Бесхитростные слова песни звучали, как всплески волн у бортов ветхого пароходика из Лимы, на котором Дик когда-то смешивал краски, предавался любовным утехам, рисовал в полутьме дьяволов и ангелов, зная, что в любое мгновение капитан, ревнивый итальянец, может всадить ему нож между лопаток. Он дрожал, как в лихорадке, от тяги к странствиям, эта болезнь, которая серьёзней многих недугов, признаваемых медициной, вспыхнула, разыгралась, побуждая его, хотя он любил Мейзи больше всего на свете, пуститься в путь, и ему захотелось вновь изведать прежнюю бурную греховную жизнь — драки, брань, азартные игры, ласки ветреных женщин и случайную дружбу; опять подняться на борт корабля, и почувствовать близость моря, и черпать у него вдохновение для новых картин; потолковать с Бина средь песков, подступающих к Порт-Саиду, пока Желтолицая Тина готовит напитки; услышать ружейную пальбу, увидеть, как дым вздымается клубами, редеет и густеет вновь, а потом из него выныривают тёмные лоснящиеся рожи, и средь этого ада каждый должен сам сохранить свою голову и только её, не пренебрегая никаким оружием.
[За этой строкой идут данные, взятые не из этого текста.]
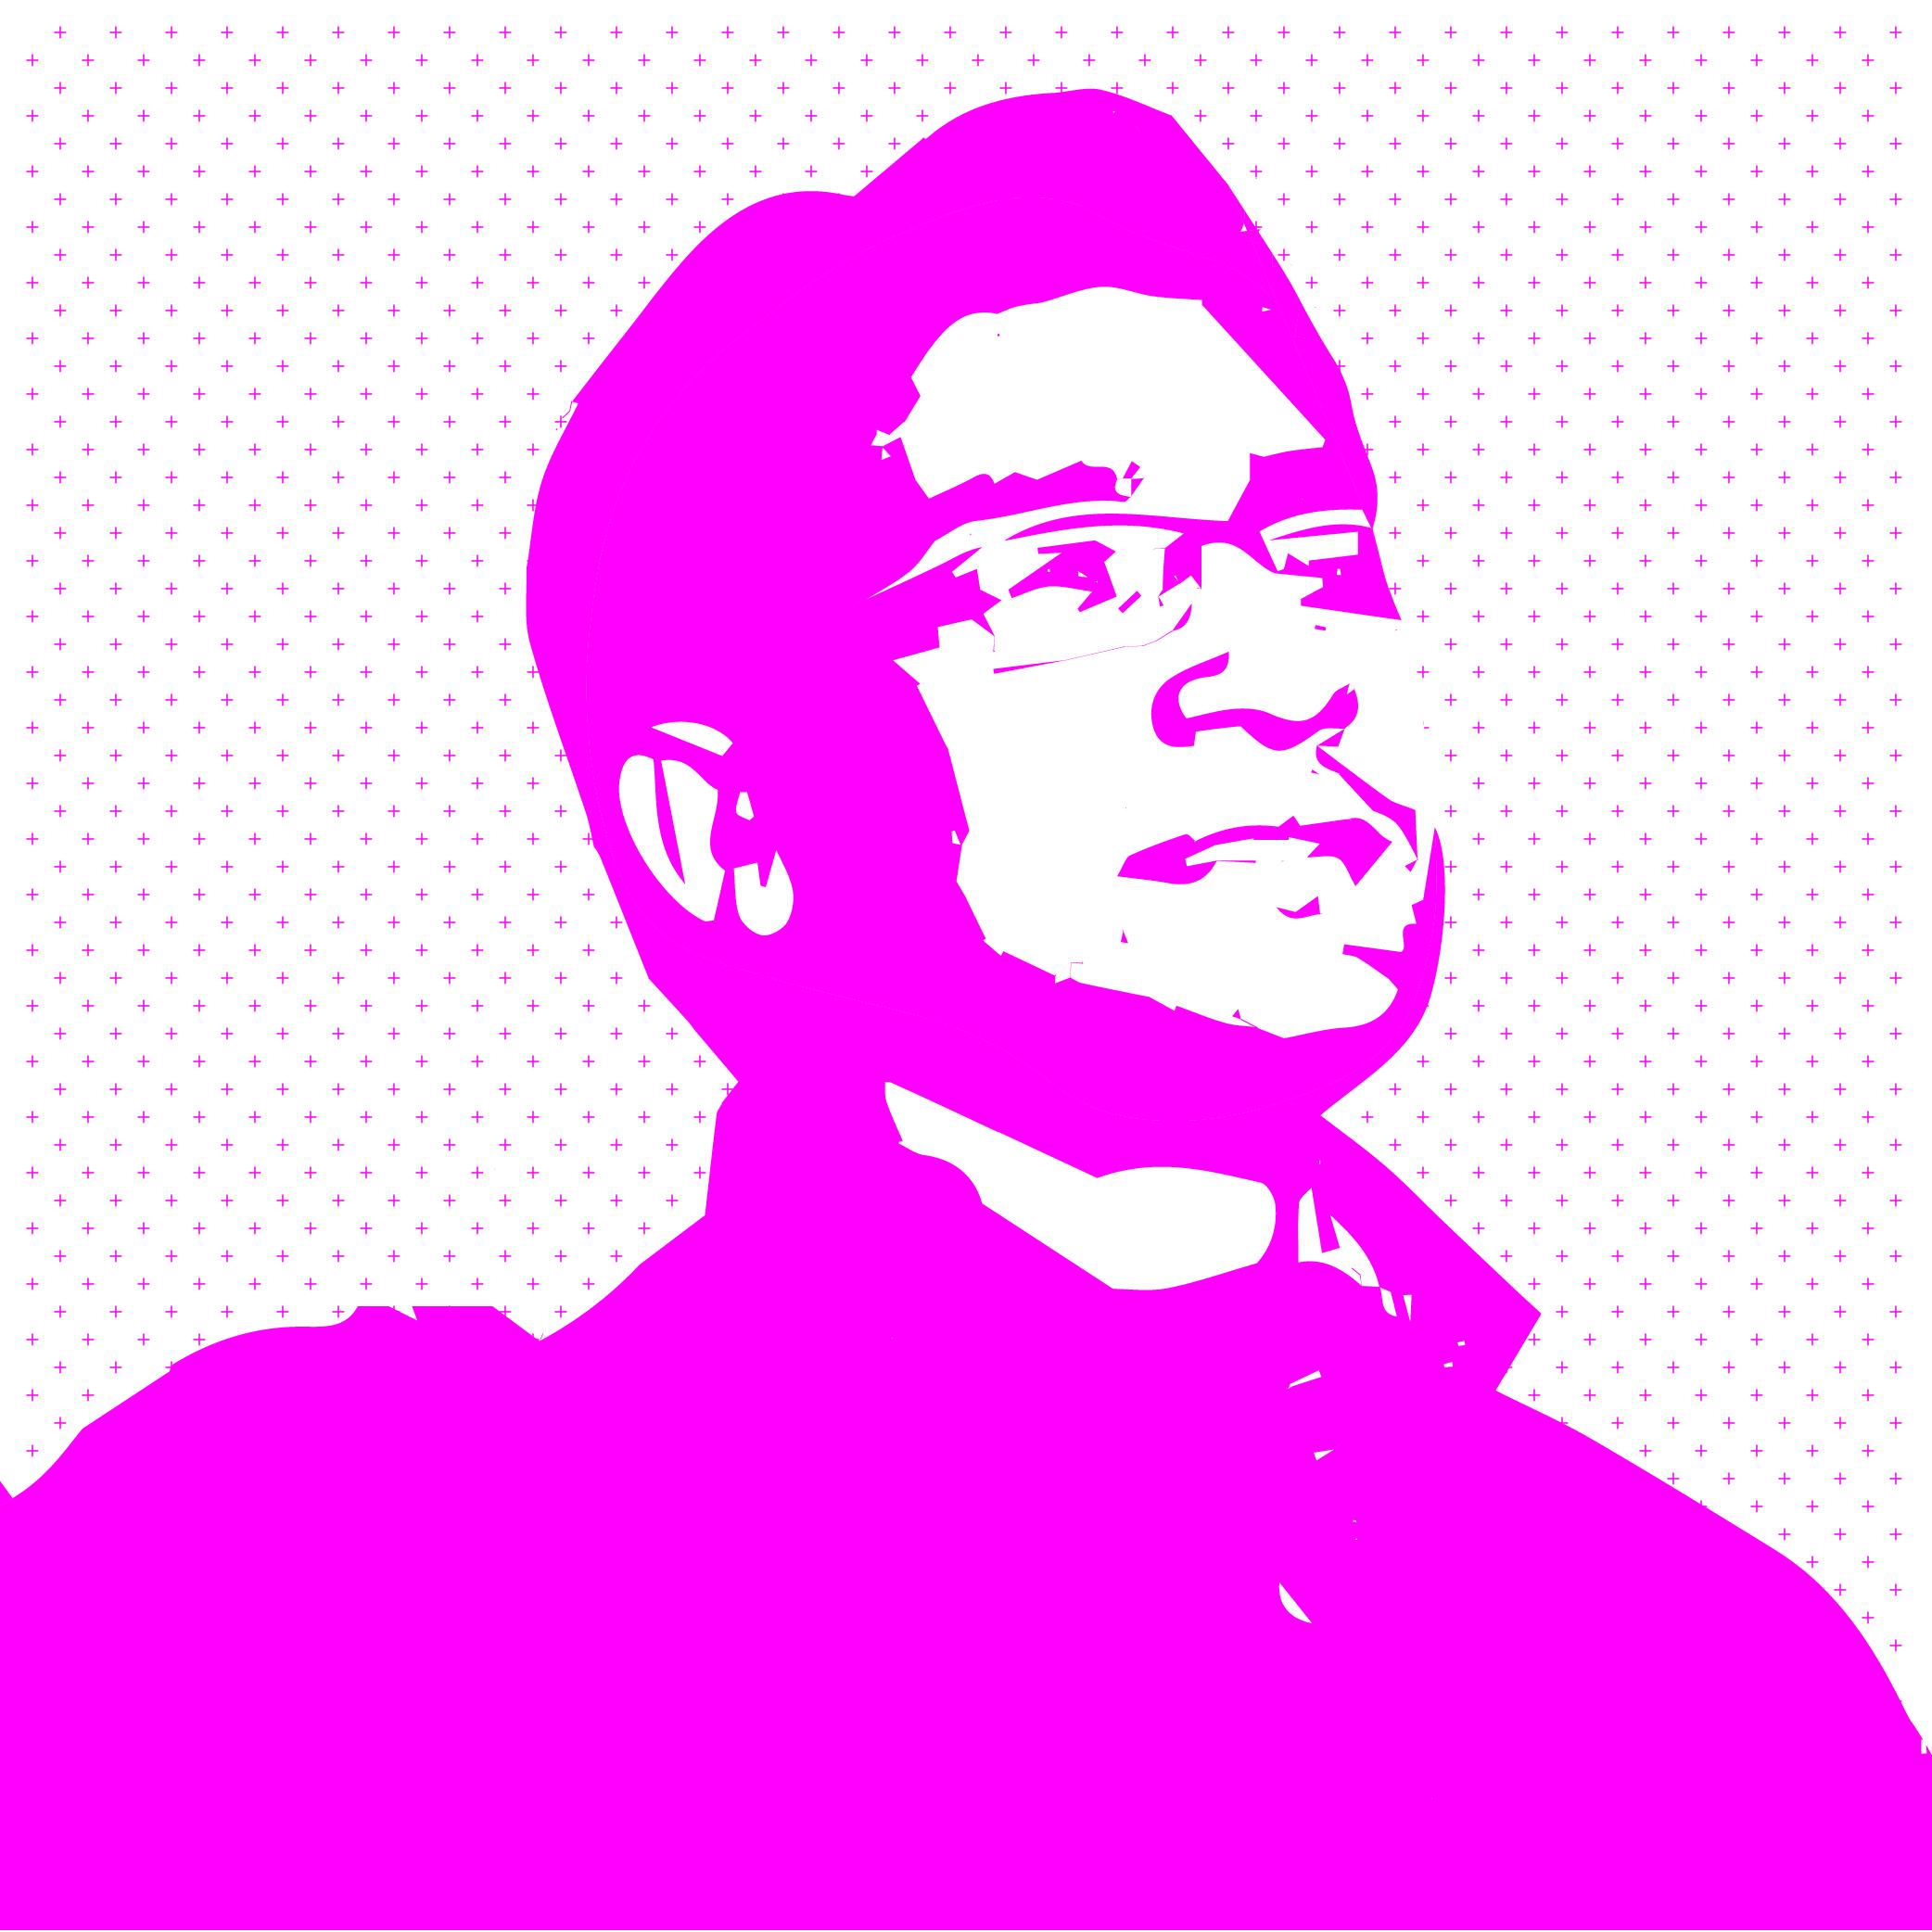 Shuva Chowdury - PhD Candidate VUW, since 2015

Это казалось немыслимым, совершенно немыслимым, но…
— Так чего же медлить? — спросил Торпенхау, нарушив долгое молчание, воцарившееся после песни.
— Ты же сам, Торп, не так давно отказался от кругосветного путешествия.
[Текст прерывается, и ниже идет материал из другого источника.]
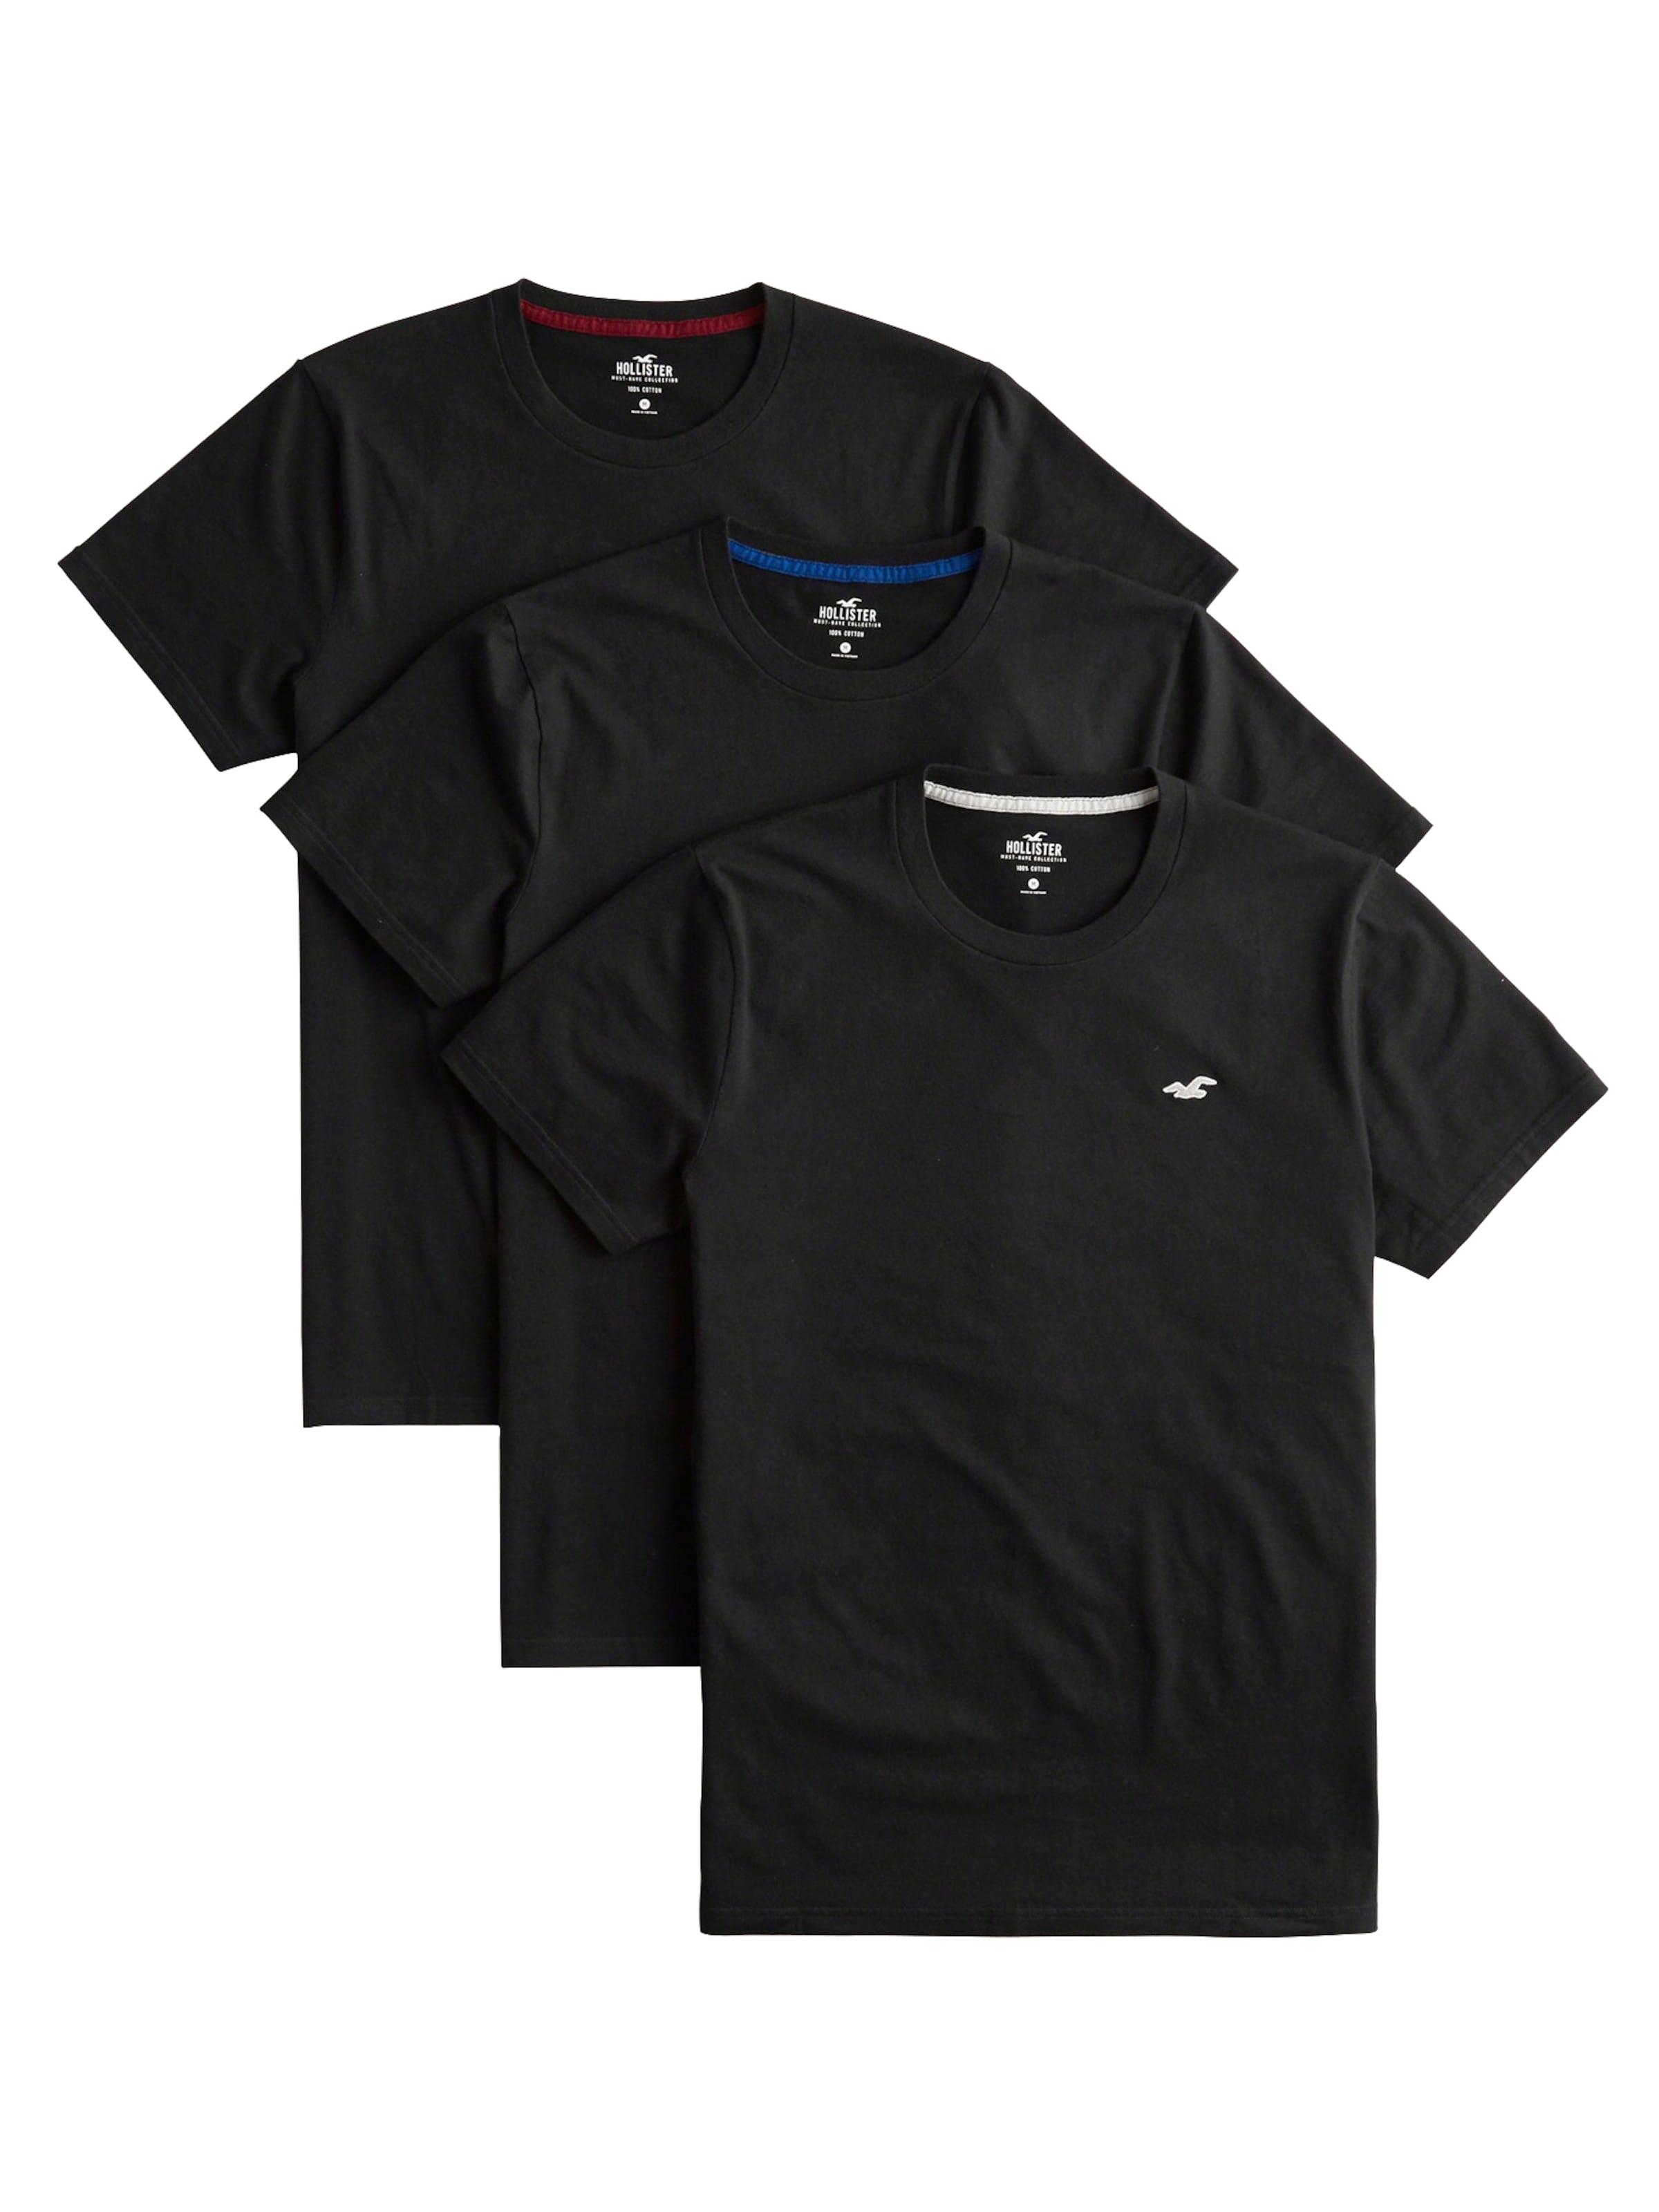 Multipack' T Black shirt En Crew 'dtc Noir Hollister roCWdBex

— С тех пор прошёл не один месяц, и я возражал лишь против того, чтоб ты старался побольше заработать на путевые расходы. Здесь ты уже расстрелял свои патроны, и все они попали в цель. Езжай, поработай в иных краях да наберись свежих впечатлений.
— А заодно сгони лишний жирок: ты так растолстел, что даже смотреть противно, — присовокупил Нильгау, вскочив со стула и ухватив Дика за правый бок. — Вон какой стал мягонький — чистое сало, а все от обжорства. Дикки, тебе просто необходимо размяться и сбавить вес.
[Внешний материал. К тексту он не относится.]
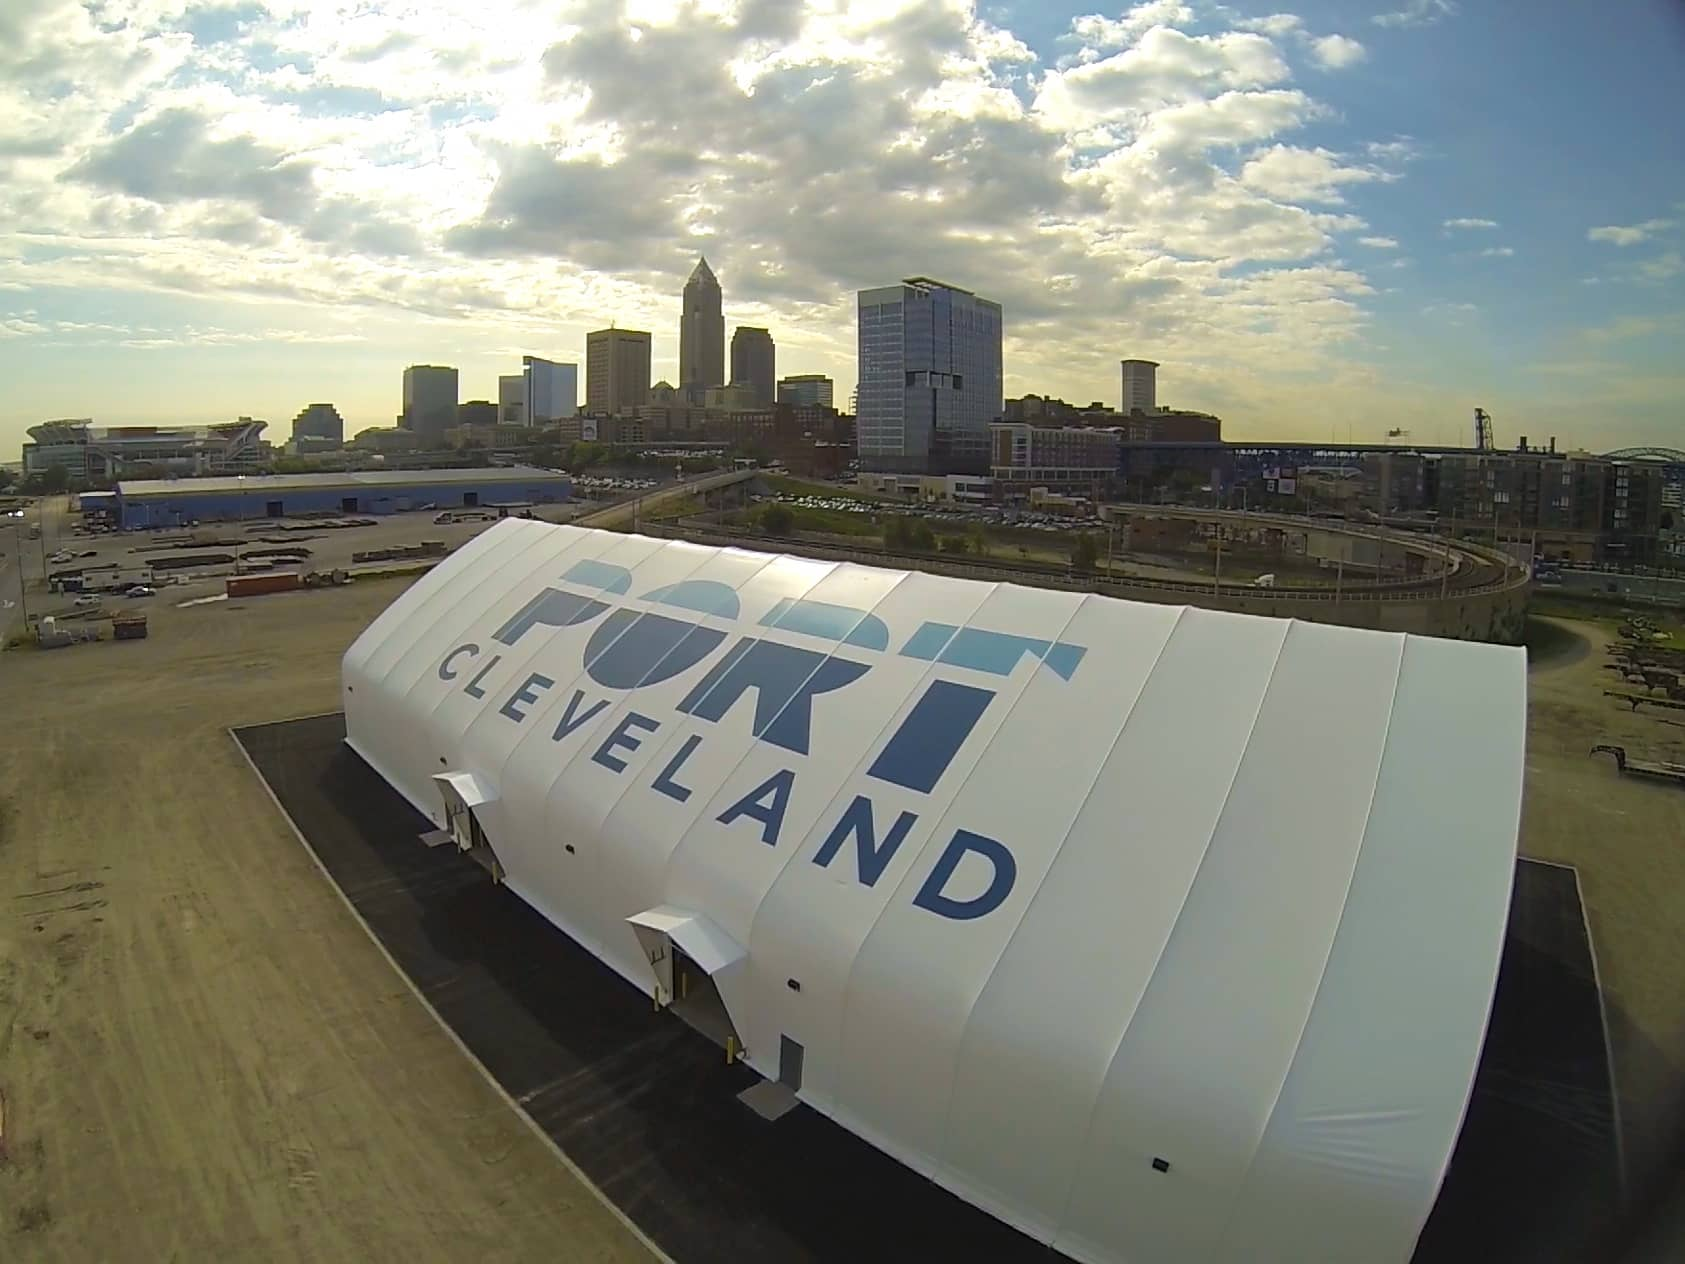 Port Cleveland

— Все мы тут зажрались, Нильгау. Вот вы, если вам доведётся ещё раз выступить в поход, шлёпнетесь на землю, поморгаете глазами, а потом вас одолеет одышка и вы помрёте от удара.
— Пустое. Садись на корабль. Плыви снова в Лиму или в Бразилию. В Южной Америке вечно воюют.
— Уж не думаете ли вы, что мне нужны советы, куда ехать? Видит бог, беда лишь в том, что трудно будет остановиться. Но я сказал, что остаюсь, и слово моё верное.
— Когда так, тебя похоронят в Кенсел Грине, и ты утучнишь собою землю наравне со всеми, — сказал Торпенхау. — Ужель тебя беспокоят обязательства перед заказчиками? Уплати неустойку да поезжай. У тебя довольно денег, чтоб путешествовать с королевской роскошью, ежели угодно.
— Торп, у тебя чудовищные представления о радостях жизни. Право, я уже вижу себя в каюте первого класса на борту плавучего отеля водоизмещением в шесть тысяч тонн: и вот я расспрашиваю младшего механика, отчего крутятся машины и не слишком ли сильная жара в кочегарке. Ого! Я поплыл бы, как подобает бродяге, если б вообще имел такое намерение, но у меня его нет. Ладно уж, для начала ограничусь небольшой прогулкой.
— Что ж, по крайности, это лучше, чем ничего. Куда же именно ты решил прогуляться? — спросил Торпенхау. — Для тебя, старина, нет ничего пользительней.
Нельгау заметил, как лукаво блеснули глаза Дика, и промолчал.
— Перво-наперво я отправлюсь в конюшни Рэтрея, возьму там напрокат какую-нибудь клячу и осторожненько проедусь на ней не далее Ричмонд-Хилла. Оттуда я вернусь шажком, чтоб ненароком её не загнать, ведь если она будет в мыле, Рэтрей обрушит на меня свой гнев. Сделаю это завтра же, разомнусь да подышу свежим воздухом.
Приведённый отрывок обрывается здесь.